FedEx Cuts Ties with Amazon

FedEx says it will no longer make ground deliveries for Amazon as the online shopping giant builds its own fleet and becomes more of a threat to delivery companies. The announcement Wednesday comes two months after FedEx terminated its air delivery contract with Amazon. FedEx said dumping Amazon is part of its plan to go after more e-commerce deliveries from other companies.

Traditional retailers like Walmart and Target want to sell more of their goods online, which in turn allows FedEx to distance itself from Amazon.com without suffering the same competitive damage it might once have.

“This does not come as a surprise to us,” Citi Research analyst Christian Wetherbee said in a note to clients. “The company is clearly trying to move away from its partnership with Amazon and we believe it is using this move as a selling point to win new non-Amazon business.” Cowen analyst Helane Becker said FedEx’s profit margin on Amazon shipments is probably in the “very low single digits,” and she believes the company can replace those packages with more profitable business from other retailers.
Amazon is growing its own fleet of air and ground transportation, giving it more control of how its packages are delivered while reducing its reliance on FedEx, UPS and the U.S. Postal Service.

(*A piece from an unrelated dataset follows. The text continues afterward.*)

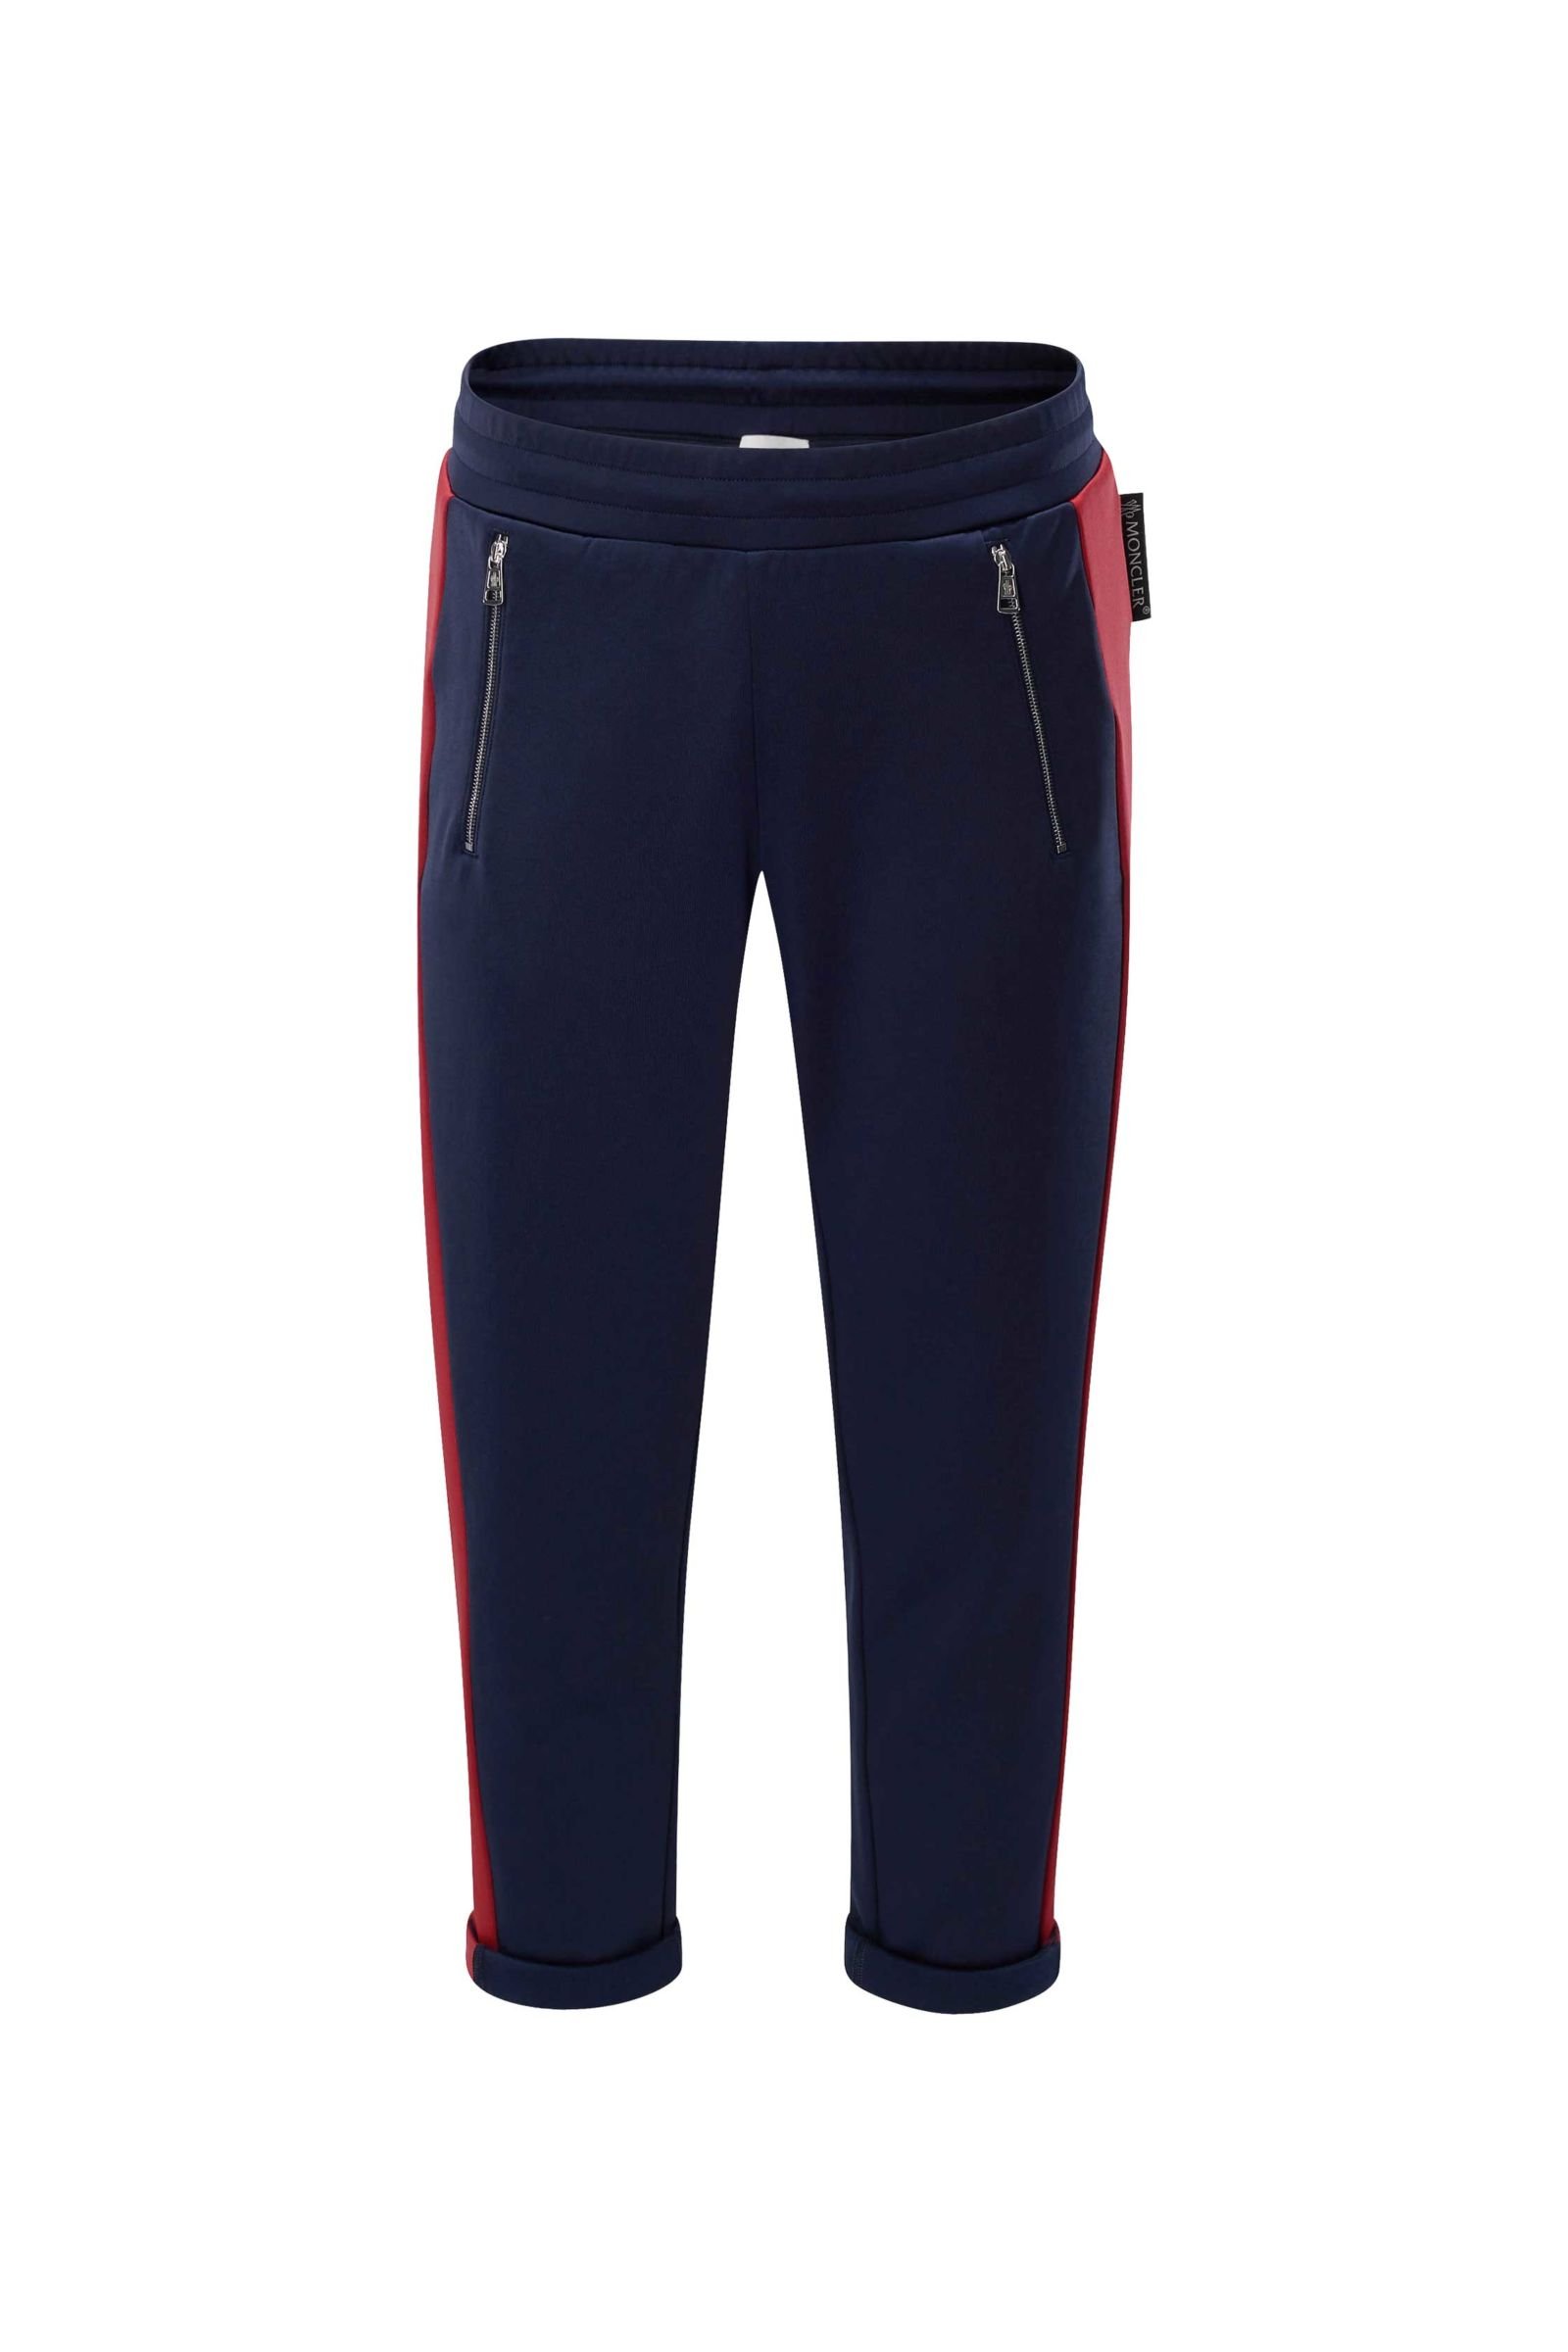 Jersey jogger pants navy

The Seattle-based company has leased jets, built package-sorting hubs at airports and launched a program to let its contractor drivers start their own businesses delivering packages in vans stamped with the Amazon logo.

Amazon spent $27.7 billion on sorting and shipping costs last year, up from $16.2 billion two years earlier. Amazon doesn’t say how much of its packages flow through FedEx, but it’s likely a much smaller amount compared to UPS and the U.S. Postal Service. FedEx said that Amazon made up just 1.3% of its total revenue in 2018, or about $850 million.